The problem asks us to show that the product \( C = A \cdot B \) is a singular matrix, given that \( A \) is a \( 3 \times 2 \) matrix and \( B \) is a \( 2 \times 3 \) matrix. A singular matrix is one that does not have an inverse, which means its determinant is zero.
First, let’s find the dimensions of the resulting matrix \( C \) when \( A \) and \( B \) are multiplied.
The dimensions of \( C \) can be determined by the outer dimensions of \( A \) and \( B \). In this case, \( A \) is \( 3 \times 2 \) and \( B \) is \( 2 \times 3 \), so \( C \) will be \( 3 \times 3 \).

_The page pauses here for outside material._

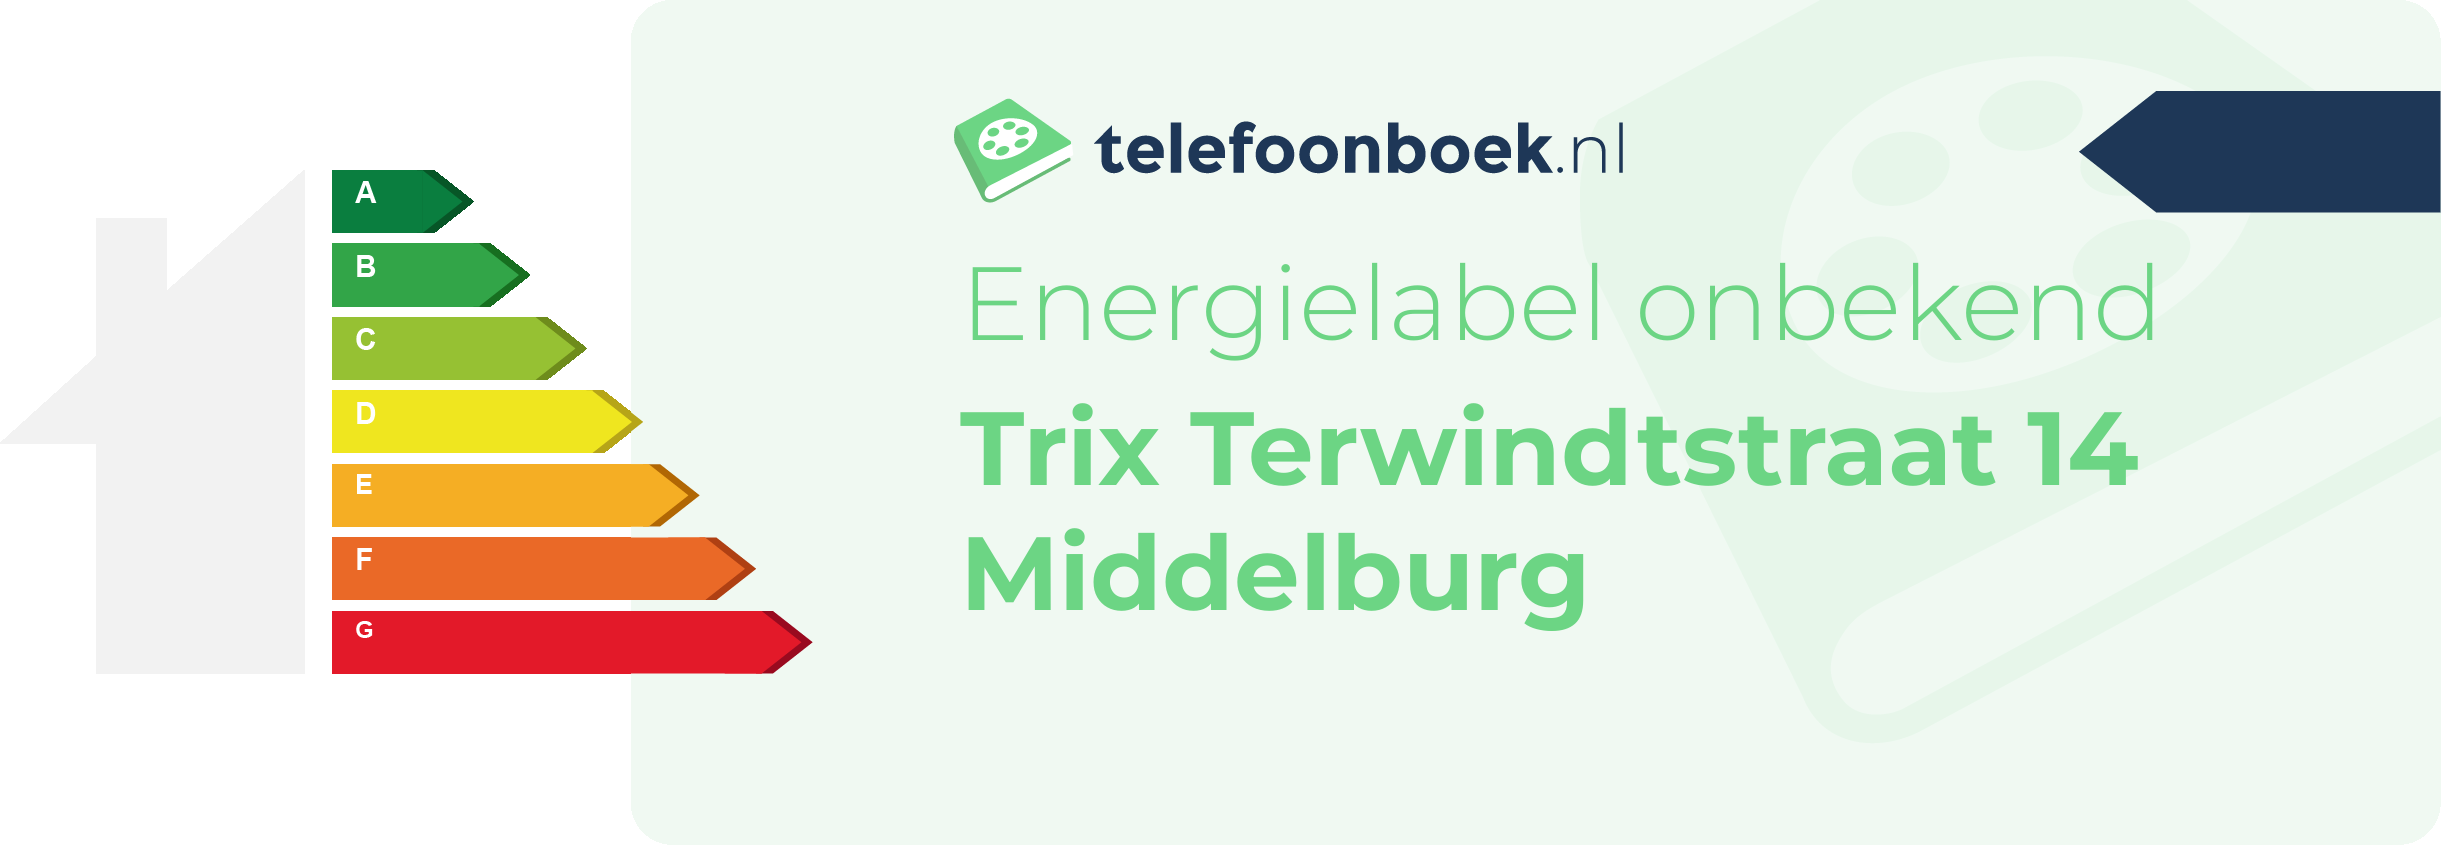 Energielabel Trix Terwindtstraat 14 Middelburg

The rank of \( C \) is limited by the smaller of the two ranks of \( A \) and \( B \). Since \( A \) is \( 3 \times 2 \), its rank can be at most 2. Similarly, \( B \) is \( 2 \times 3 \), so its rank can also be at most 2.

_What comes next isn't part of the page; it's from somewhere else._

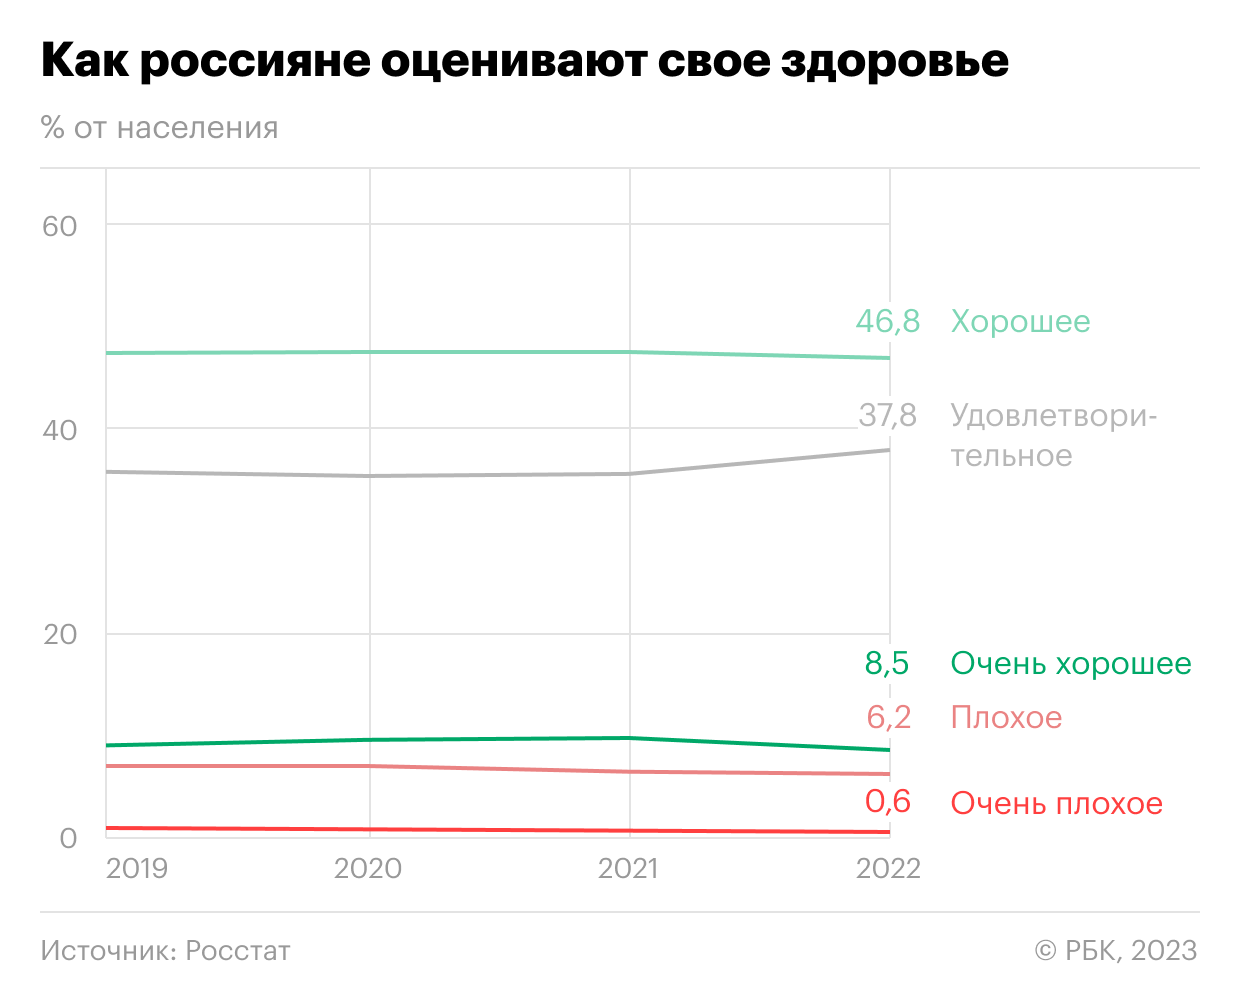 Как мужчины в России стали чаще заниматься «анти-ЗОЖ». Инфографика

Therefore, the rank of \( C \) can be at most 2.
\[ \text{Rank}(C) \leq \min(\text{Rank}(A), \text{Rank}(B)) \leq 2 \]
For a \( 3 \times 3 \) matrix to be invertible (non-singular), its rank must be 3. However, we’ve established that the rank of \( C \) can be at most 2. Therefore, \( C \) must be singular.
To confirm, the determinant of a singular matrix is zero:
\[ \text{Det}(C) = 0 \]
We have shown that the matrix \( C = A \cdot B \) will be a \( 3 \times 3 \) matrix with a rank of at most 2. Since the rank is less than 3, \( C \) is a singular matrix, and its determinant is zero. Therefore, \( C = A \cdot B \) is indeed a singular matrix.